> _PROMPT_
Images are not wanted; transcribe the rest of the listing exactly.

> _SOURCE MATERIAL_
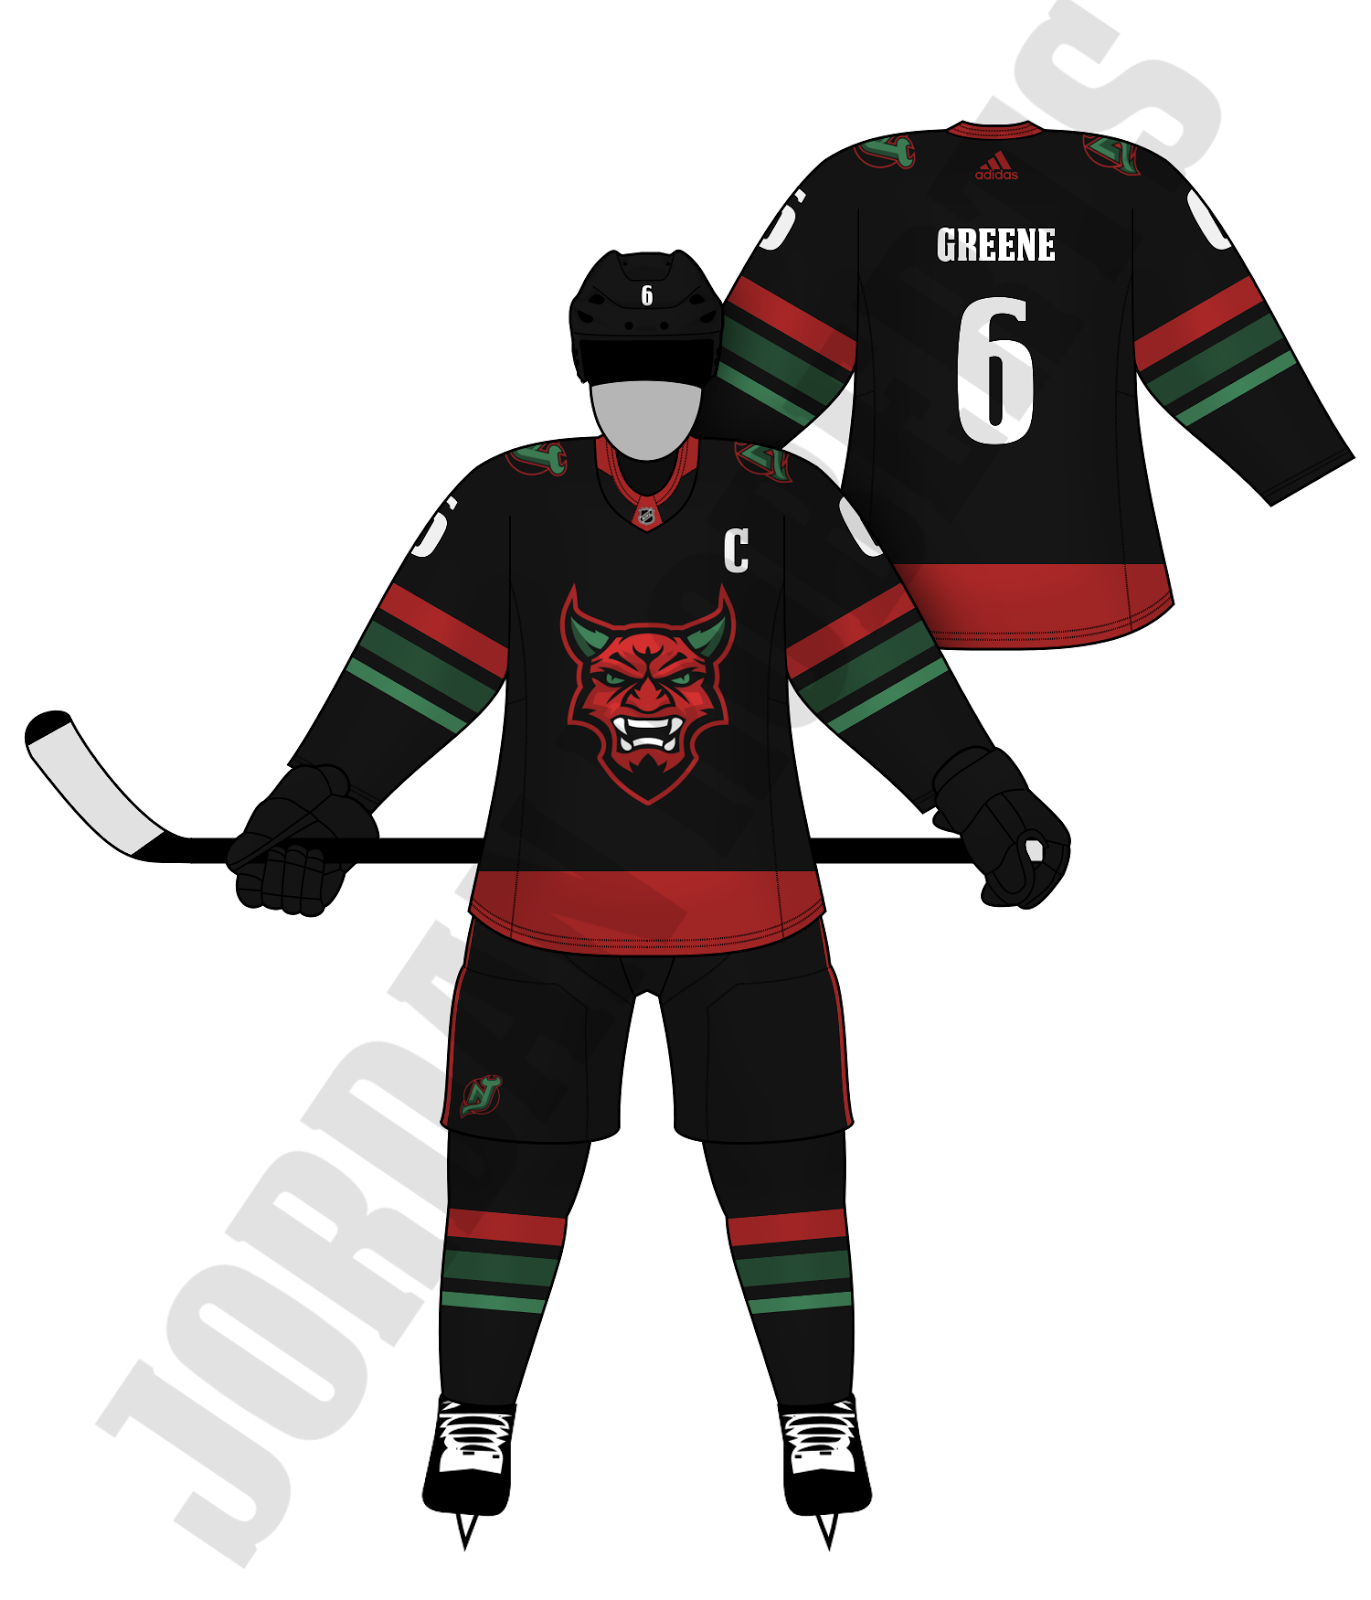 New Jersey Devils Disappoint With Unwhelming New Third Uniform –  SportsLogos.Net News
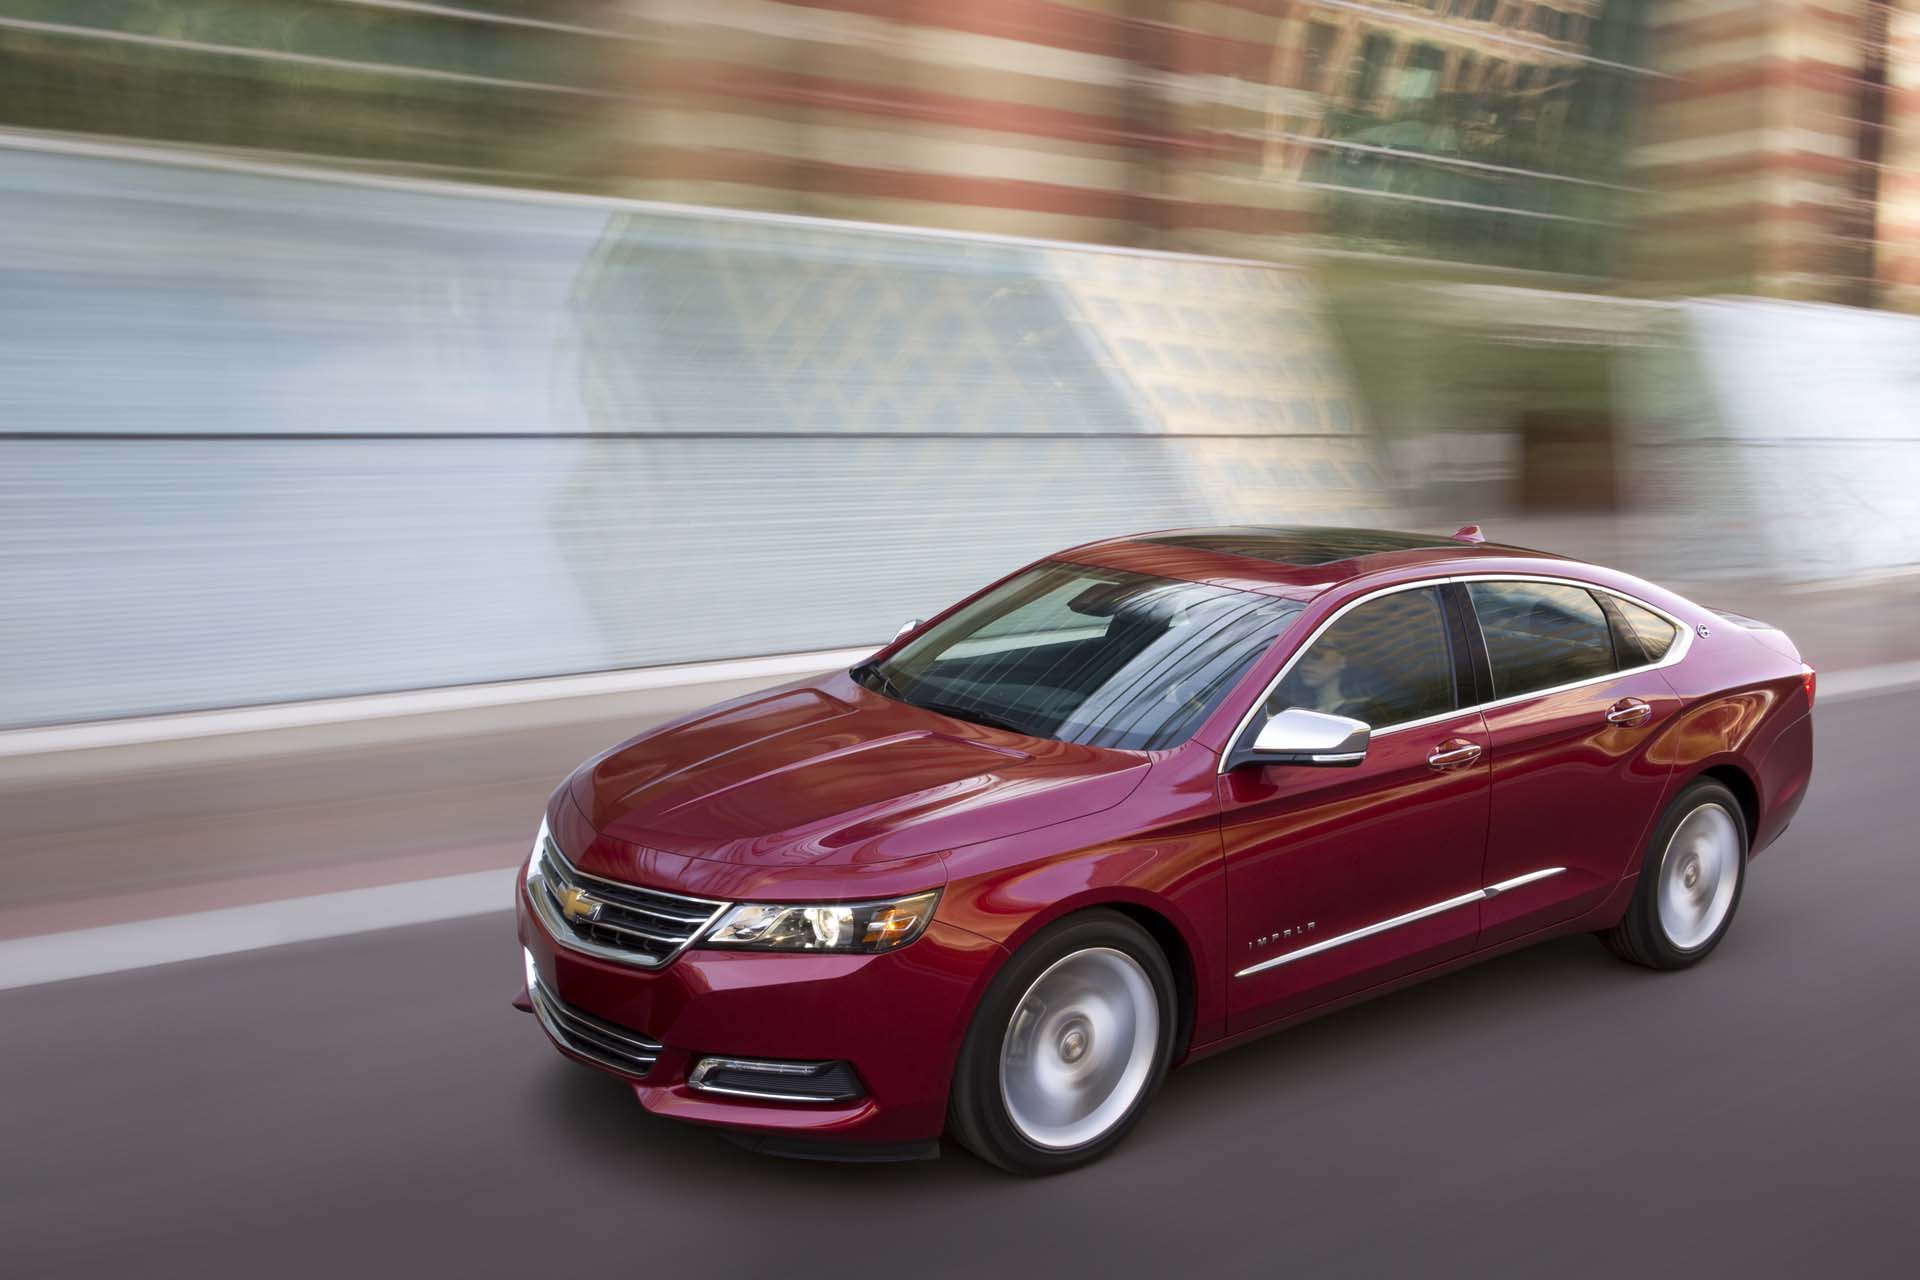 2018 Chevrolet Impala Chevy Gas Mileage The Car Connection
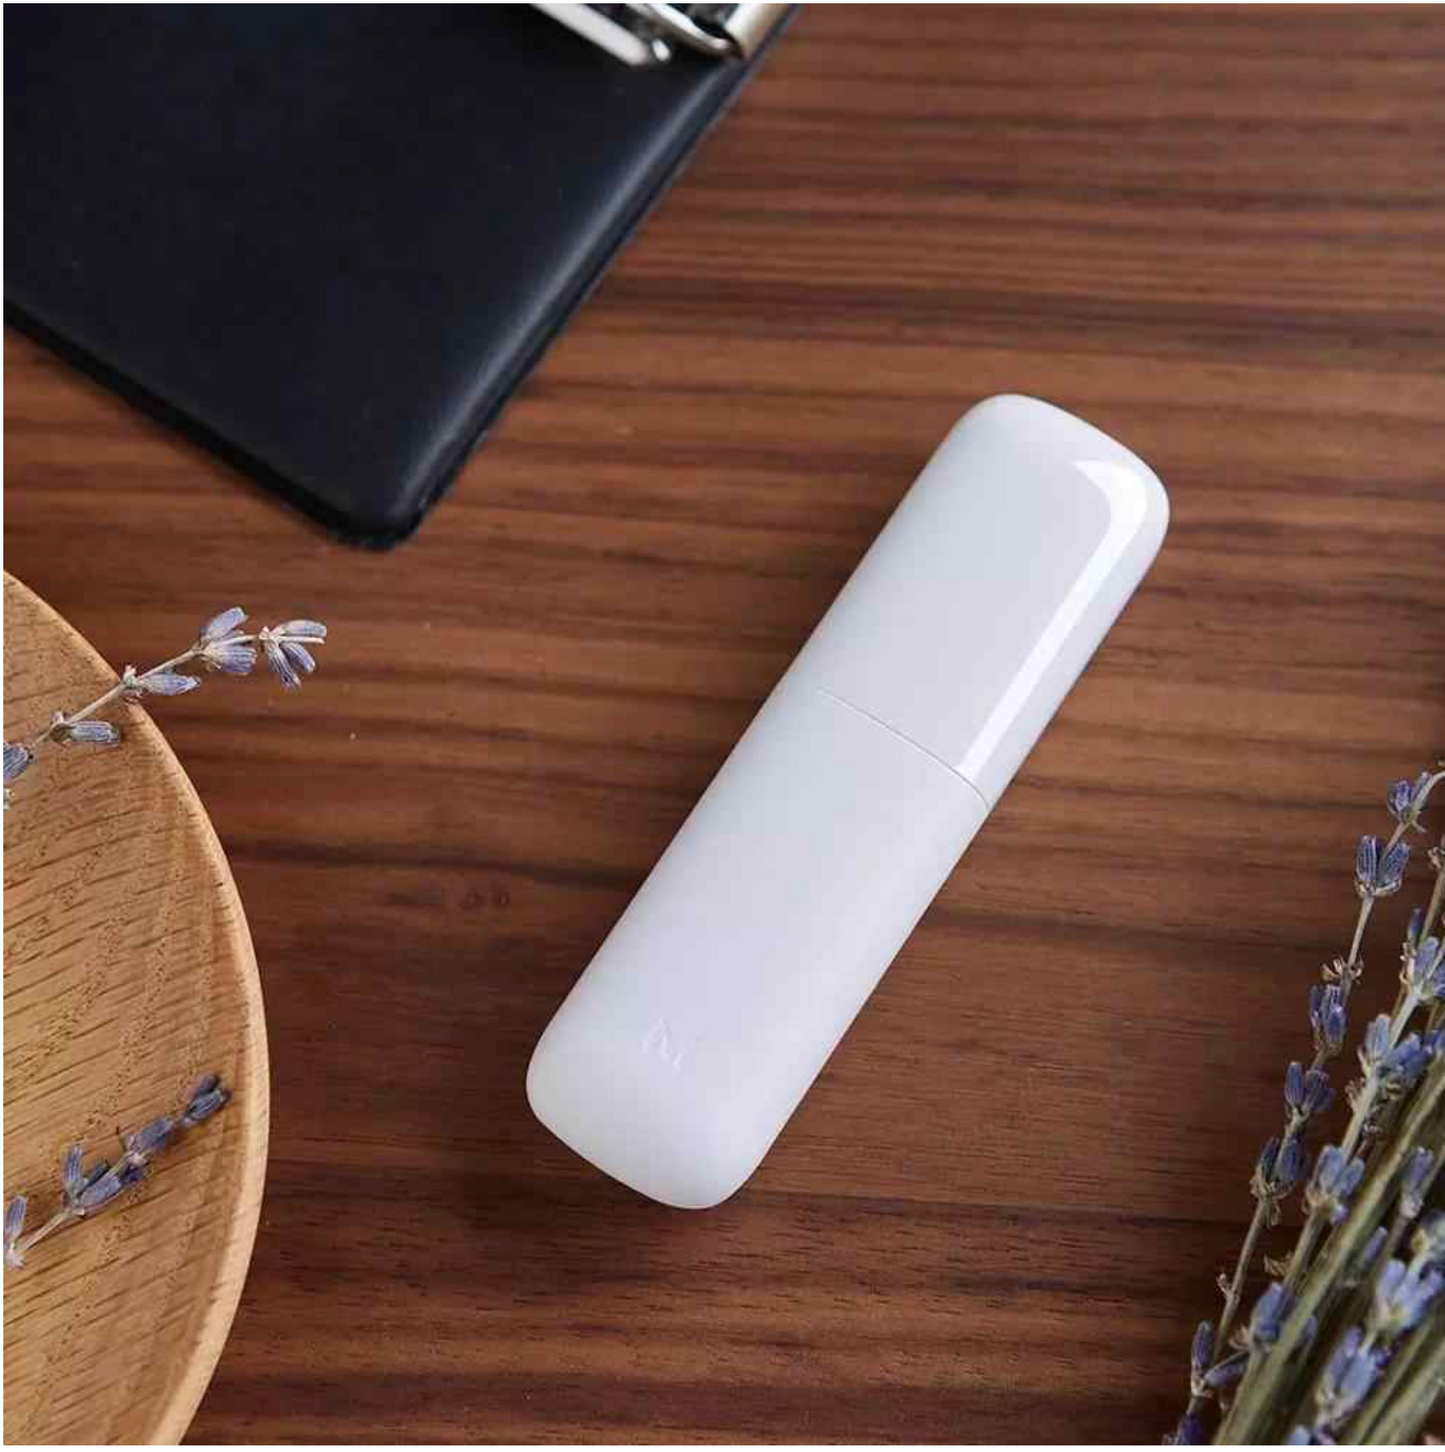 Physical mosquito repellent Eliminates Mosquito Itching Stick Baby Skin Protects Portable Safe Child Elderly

> _TASK RESPONSE_
 New Jersey Devils Disappoint With Unwhelming New Third Uniform –  SportsLogos.Net News
 2018 Chevrolet Impala Chevy Gas Mileage The Car Connection
 Physical mosquito repellent Eliminates Mosquito Itching Stick Baby Skin Protects Portable Safe Child Elderly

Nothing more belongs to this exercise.